I go around the screen behind the door and enter a medium-sized sutra hall with a few candles burning and incense smoke curling into the air. In front of the incense table hangs a piece of purplish-red brocade embroidered with the four characters “incense burners very hot” which makes my heart jump. It seems foreboding. In order to demonstrate the purity of my heart and that I haven’t come to spy on the secrets of the Buddhist world, I take a candle in a holder. There are ancient scrolls of calligraphy and painting on all the walls. I didn’t imagine there would be such an elegant and secluded inner room within the temple, probably it is a place reserved for the Buddhist masters. Having come in uninvited, I can’t help feeling a bit guilty and do not spend time seeing if they still have the works of the two eminent Tang monks collected by Han Shan. I return the candle and, following the sound of the bell for morning prayer, go out through the main door of the hall.
I enter another courtyard. The side rooms on all four sides are ablaze with candles and are probably the monks’ dormitories. A monk in a black cassock brushes past and overtakes me. I give a start then think he is probably leading the way, so I trail behind him and pass through several corridors one after the other. Then in an instant he vanishes. I am a little perplexed and can only look for somewhere with some candlelight. Just as I am about to cross a threshold, I look up and see a four- or five-metre high guardian of the Buddha wielding a demon-subduing cudgel. He is charging right at me, his fierce eyes glaring, and I am bathed in cold sweat from fright.
I flee along the dark corridor and see a dim light. Nearing it I see a round doorway, and going through I realize it is the large courtyard below the Palace of Magnificent Treasures. The palace roof has flying eaves and two green dragons, one on each side, guarding a bright mirror in the centre. The dark blue of the night sky before dawn, showing through the towering old cypresses, looks extraordinary.

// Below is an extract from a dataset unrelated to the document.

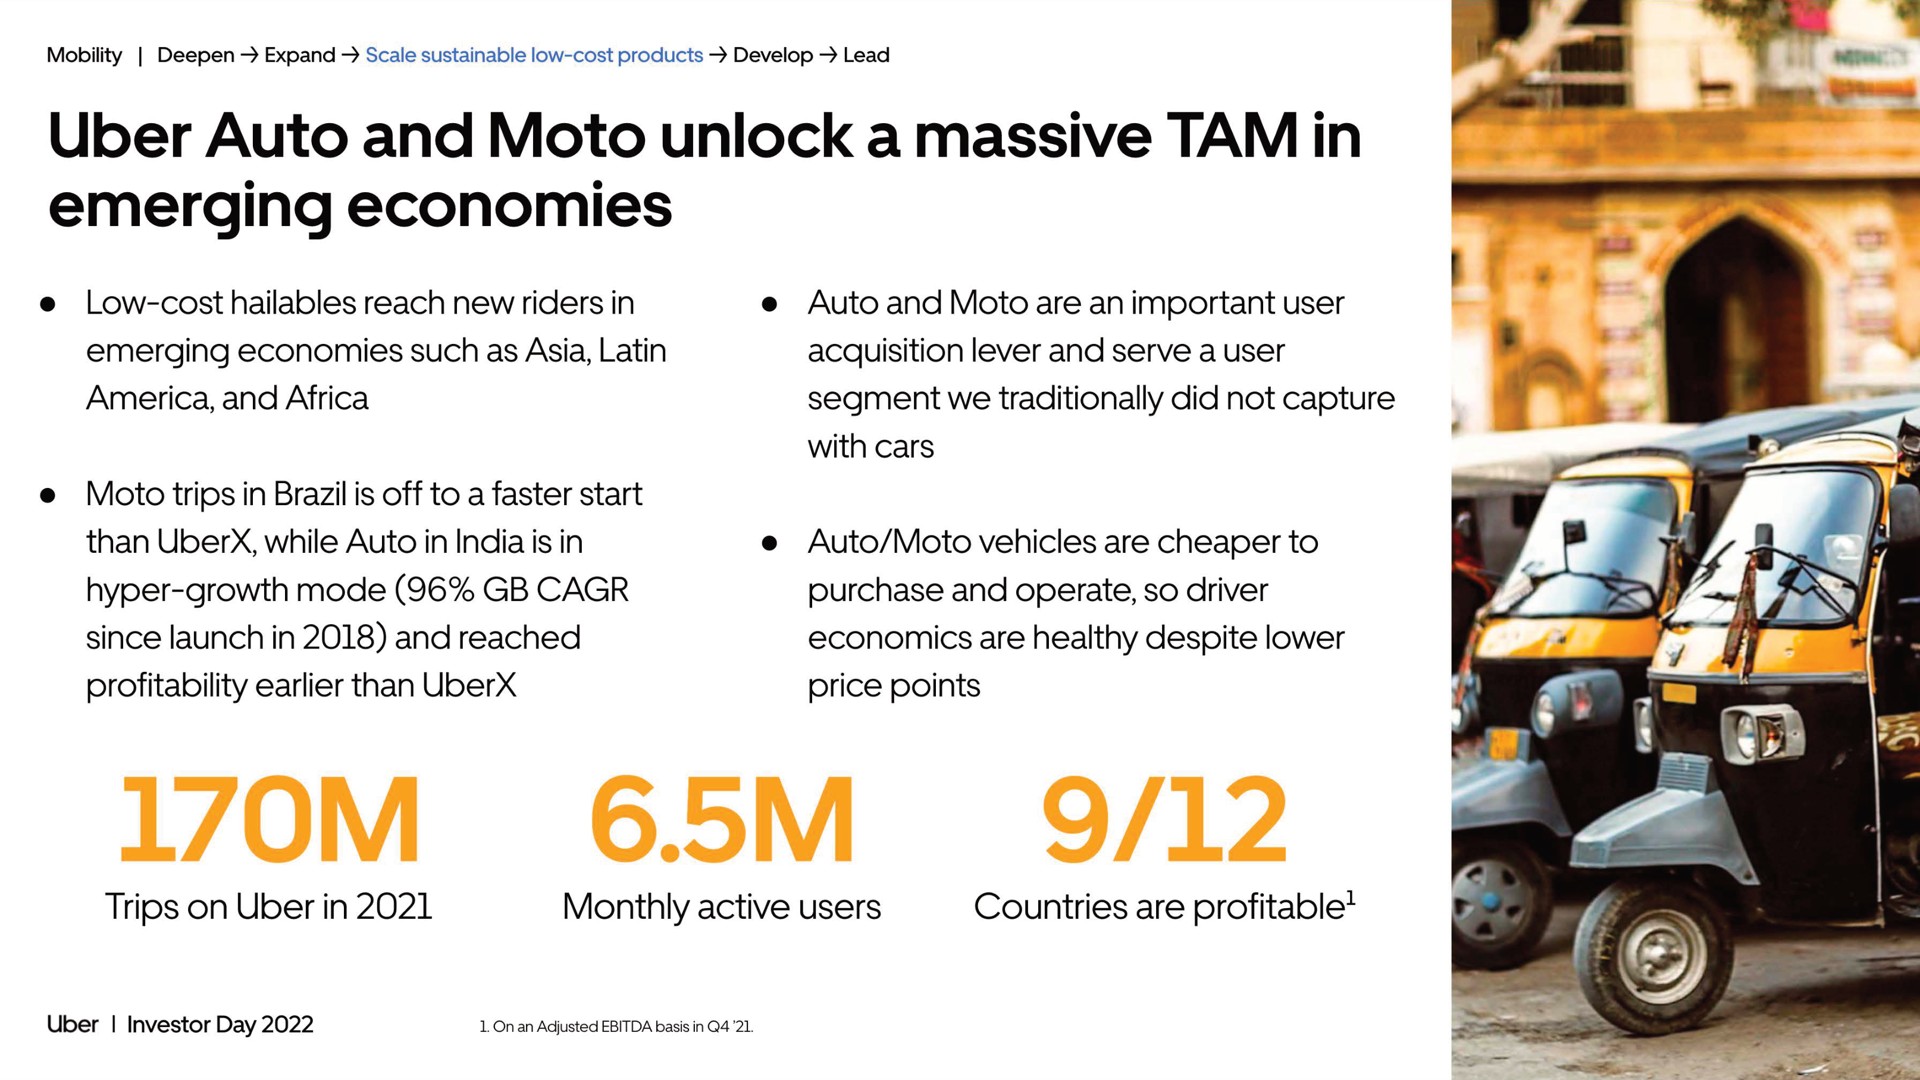 auto and unlock a massive tam in emerging economies | Uber

Behind the huge incense burner at the top of the stairs the sound of the giant bell pours out of the hall lit with a blaze of candles. The monk in the black cassock is striking this enormous bell with a big wooden pole suspended from the ceiling. It does not so much as quiver but, as if in response, from the ground beneath, the sound of the bell slowly ascends to the rafters and fills the hall – booming reverberations gush through the doorway, engulfing my body and mind in its sound waves.
Some monks light the red candles in front of the eighteen arhats lining the two sides and plant whole bunches of burning incense sticks into each of the burners. The monks surge into the hall, all wearing the same dark grey cassocks, serene figures slowly moving to their positions in front of the individual rush cushions, each of which is embroidered with a different lotus design.
Two resounding booms of the drum follow with tones so deep and penetrating that it makes a person’s insides reverberate. The drum is located on the left of the hall and is mounted on a drum stand the height of a person. The round drum skin is a head higher than the monk standing on the platform of the ladder. The drummer, the only person not in a cassock, is wearing a short sleeveless jacket, trousers trussed at the calves and hemp shoes. His hands are raised high above his head.
Da-da
Boom! Boom!
Another two times.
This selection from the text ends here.